Fast MoE currently works with the `v2.0` release of
[Megatron-LM](https://github.com/nvidia/megatron-lm).

A [patch](moefy.patch) is used to easily enable MoE in Megatron-LM for training
Bert.

The patch works in the following way.

### Building the model

In `pretrain_bert.py`, the `fmoe.megatron.fmoefy` function is used as an
entrance to one-key introduce Fast MoE layer to replace the MLP layers in the
transformer language models.

```python
from fmoe.megatron import fmoefy
model = fmoefy(model, num_experts=4)
```

Note that the `fmoefy` function currently only takes a standard Megatron-LM's
top-level raw model as input, i.e. the MLP layers should be available at
`model.language_model.transformer.layers[i].mlp`.
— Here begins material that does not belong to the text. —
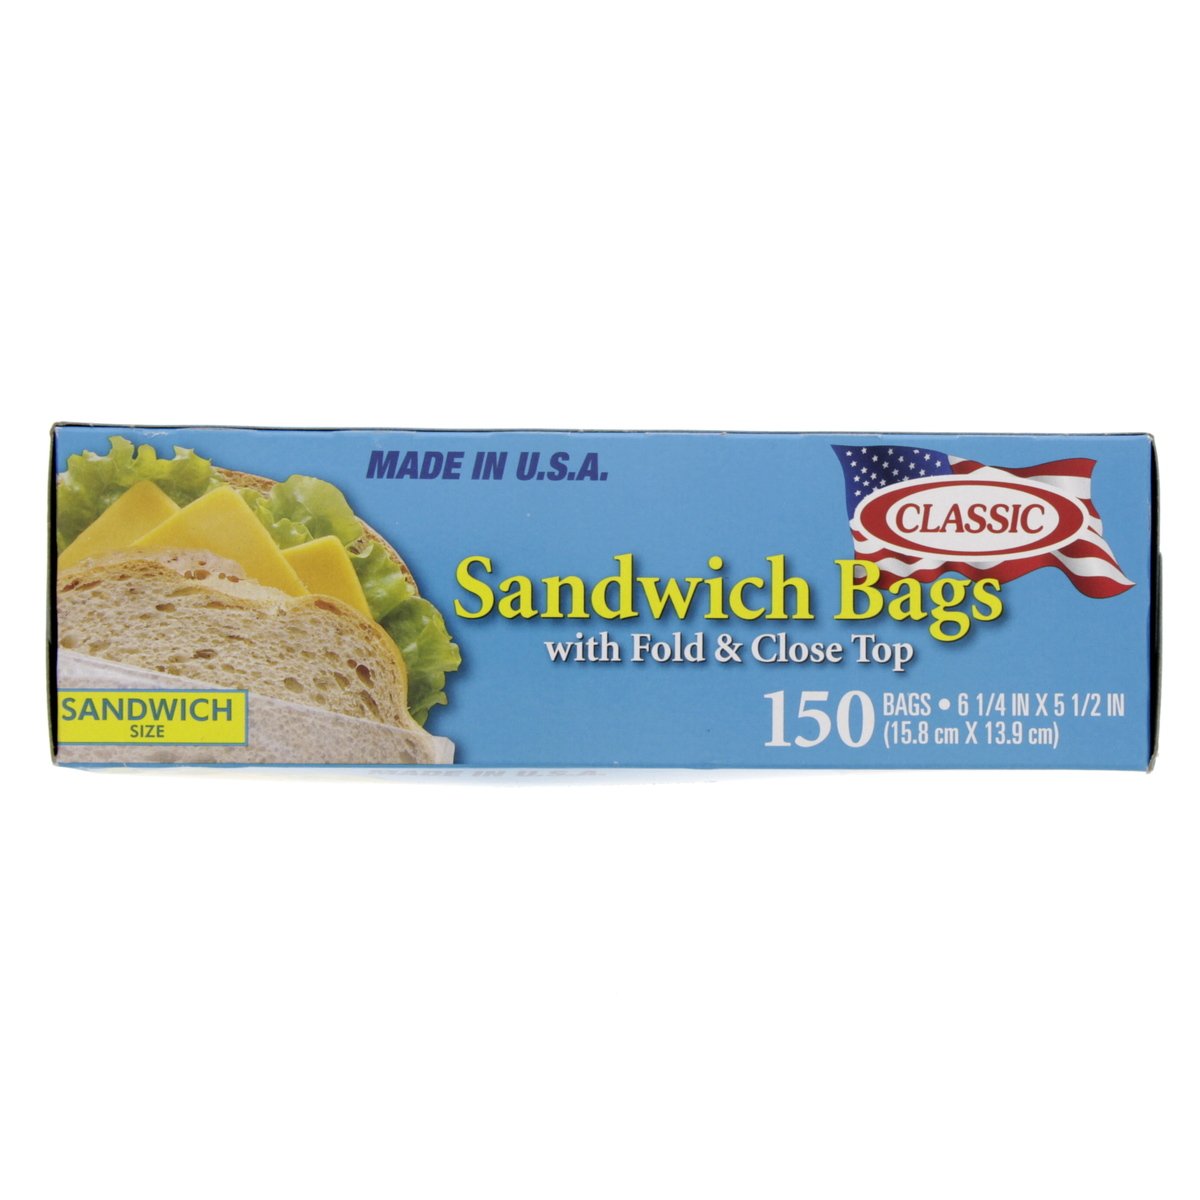 Classic Sandwich Bag With Fold & Close Top Size 15.8 x 13.9cm 150pcs

### Using expert parallellization

In `megatron/training.py`, the `LocalDDP` module is replaced by the one in 
`fmoe.megatron` to enable the sophiscated data parallel strategies that can
parallelize the experts across both the data parallel group and the (tensor) 
model parallel model group.

```python
# from megatron.model import DistributedDataParallel as LocalDDP
from fmoe.megatron import DistributedDataParallel as LocalDDP
```

### Train as usual

Start traning with Fast MoE by using the scripts provided by Megatron-LM.